According to the latest RBI figures, banks have registered net outflows of $656 million in the non-resident (external) rupee account (NR(E)RA) in April and May. Though many banks have subsequently revised their rates on NRI deposits of various tenures, they are yet to see any visible impact of these measures.

Bankers said given the cap on interest rates payable on NRE deposits, depositors do not benefit from the appreciating currency. However, rates on local NRO deposits end up being much higher. For instance, the interest rate on a one-year NRE deposit is close to 5.25%. But the rate on a domestic term deposit is at least 8%. Some banks have also floated special schemes of tenures of over a year to up to two years and the return on these schemes even higher.

RBI had further capped interest rates on NRI deposits in April this year to discourage capital flows which had been driving the Indian rupee to record a new high. Interest rates on fresh non-resident (external) rupee (NRE) term deposits with a maturity period of 1-3 years now cannot exceed the Libor/Swap rates, as on the last working day of the previous month. In January, the central bank had relaxed the cap up to 100 bps over the Libor of the last working day of the previous month.

Normally, an appreciating currency benefits an NRE depositor. This is because he has to bear the exchange rate risk. In a scenario marked by a rise in the rupee, he tends to take back more foreign exchange at the end of the tenure of the deposit out of the rupee proceeds. In an NRE deposit, the forex is initially converted into domestic currency and again reconverted back into foreign exchange at the time of repatriation on the maturity of deposits.

Sources said depositors often have to take a long-term view of the rupee. But the way the rupee has been moving in the past few months, they are not sure what course the rupee will chart.

Though income proceeds on NRO accounts are taxable, the interest rate differential is so wide that even after paying taxes, the net return is wider, pointed out the banker. In some cases, the NRI concerned may even choose to park the money in favour of their relatives and get the relative remit the money, as Indians, too, are now eligible to gift certain amounts to overseas relatives.

Such a move by the NRI would also help push up remittances inflows reflected in the form of invisibles of the balance of payments (BoP) data. NRI deposits are reflected in the capital account.

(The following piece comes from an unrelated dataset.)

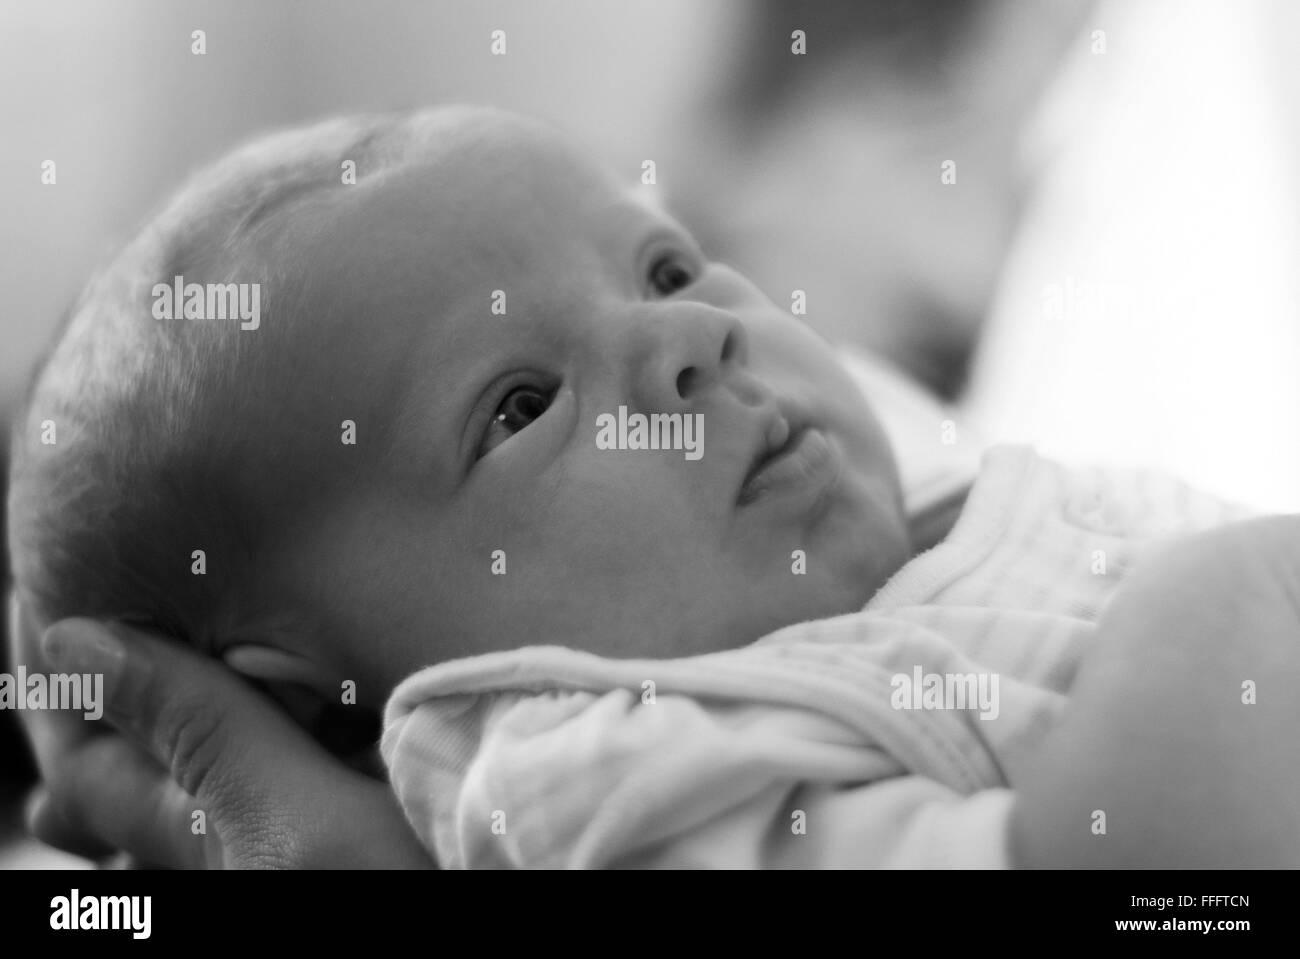 new born baby - Stock Image

In case of high net worth individuals, their portfolio managers are advising their clients against parking their funds in the NRE deposits schemes. Even fixed deposits in their country of residence would earn them higher return, he said. As for the Reserve Bank which is grappling with huge forex inflows and a strong rupee, a slowdown in deposit inflows is a welcome sign as it would to an extent contain their liquidity management challenges.